Multiple choice questions

  • Which of the following media technologies was the quickest to reach 100 million users after its launch?
    • Telephone (landline)
      • No – that took 75 years.
    • World Wide Web
      • No, that took seven years.
    • Facebook
      • No, that took four years and six months.
    • Whatsapp
      • Yes, that took only three years and four months.
  • Which of the following is a correct list of the ‘five filters’ of mass media according to Chomsky and Herman’s “Manufacturing Consent: The Political Economy of the Mass Media”? (Select one.)
    • Media ownership, advertising money, media elite, flak, the common enemy
      • That’s right.
    • Censorship, state ownership, the military, security services, government
      • That’s not right – look again at the resources on the ‘Manufacturing consent’ page.
    • Education, democracy, equality, freedom, accessibility
      • That’s not right – look again at the resources on the ‘Manufacturing consent’ page.
    • Transparency, accountability, responsibility, honesty, respect
      • That’s not right – look again at the resources on the ‘Manufacturing consent’ page.
  • Which two of the following are citizen journalism sites? (Tick two.)
    • GlobalVoices
      • Well done.
    • Twitter
      • No – Twitter is a primarily a social media site, though it is used by some citizen journalists.
    • Wired
      • No – this is a technology magazine.
    • Wikinews
      • Yes, well done.
  • Which of the following are recommended methods to help a reader determine whether an item of news on the internet is fake or not? (Tick all that apply – there are 3 correct answers.)
    • Check whether the url for the website is genuine
      • That’s right.

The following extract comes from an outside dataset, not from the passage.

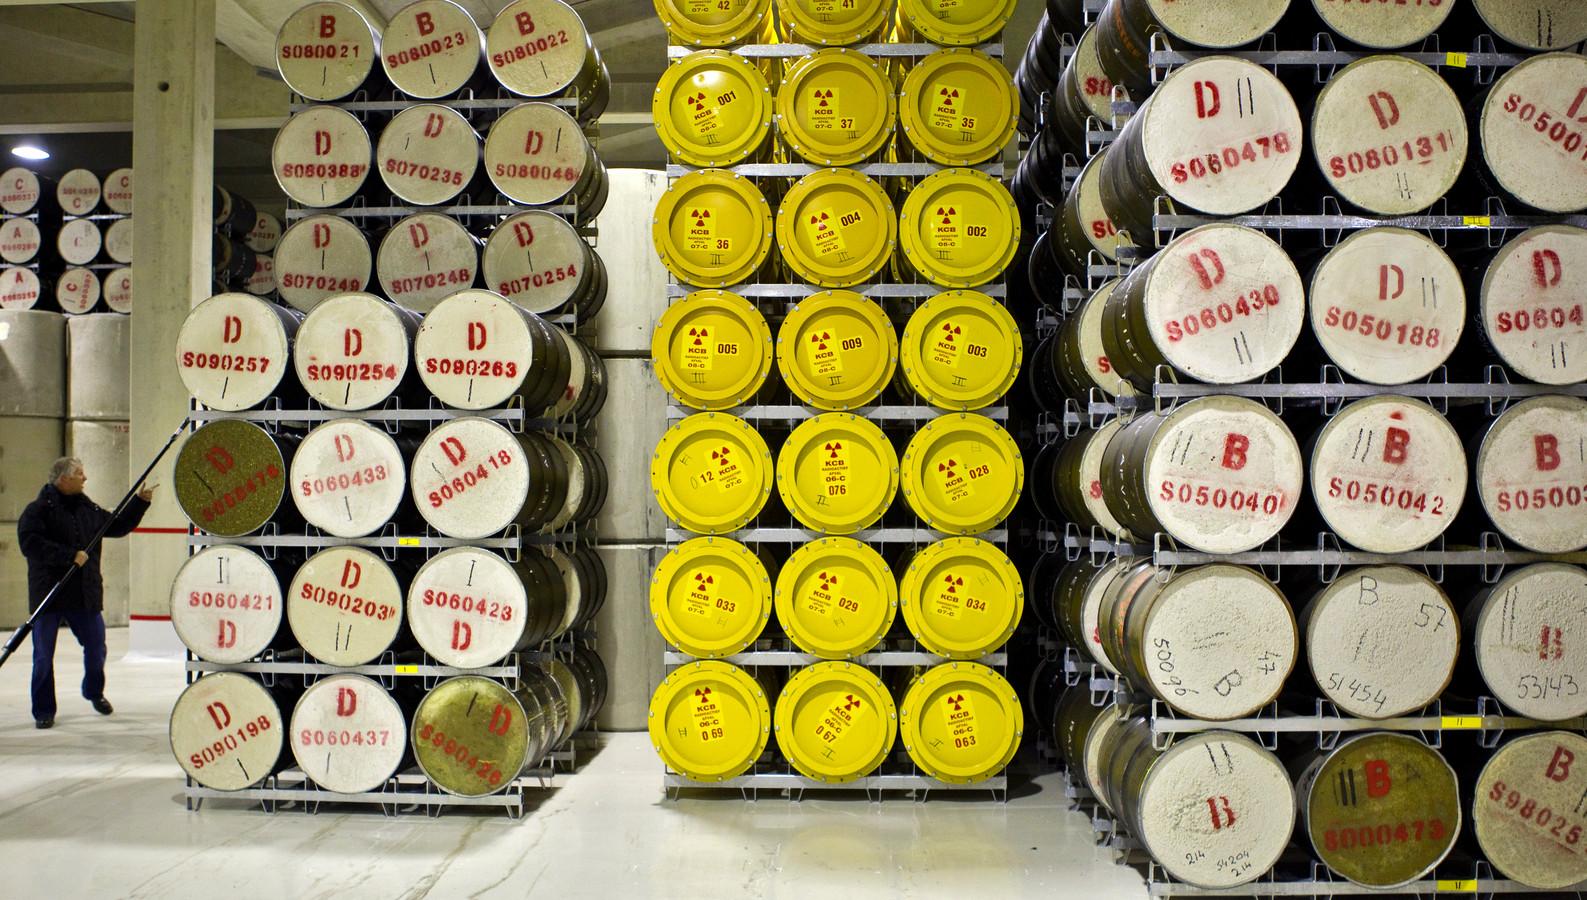 Radioactief afval bij COVRA (Centrale Opslag Radioactief Afval) in Borssele. Hier vindt de verzameling, verwerking en opslag van radioactief afval plaats.

By looking carefully at the url and the design of the website you may be able to spot an attempt to mimic a legitimate site.
    • Run a google search to see how many times the same story is appearing across the internet
      • No, by itself this is not reliable, as a story can easily go viral without being verified.
    • Check the details of the story across several different reputable news sources
      • Correct – reading laterally across multiple reputable news sources is a strategy to verify the reliability of a news item
    • Check whether the ‘about’ page of the source website looks credible
      • Yes – that can be a useful guide to the reliability of the source.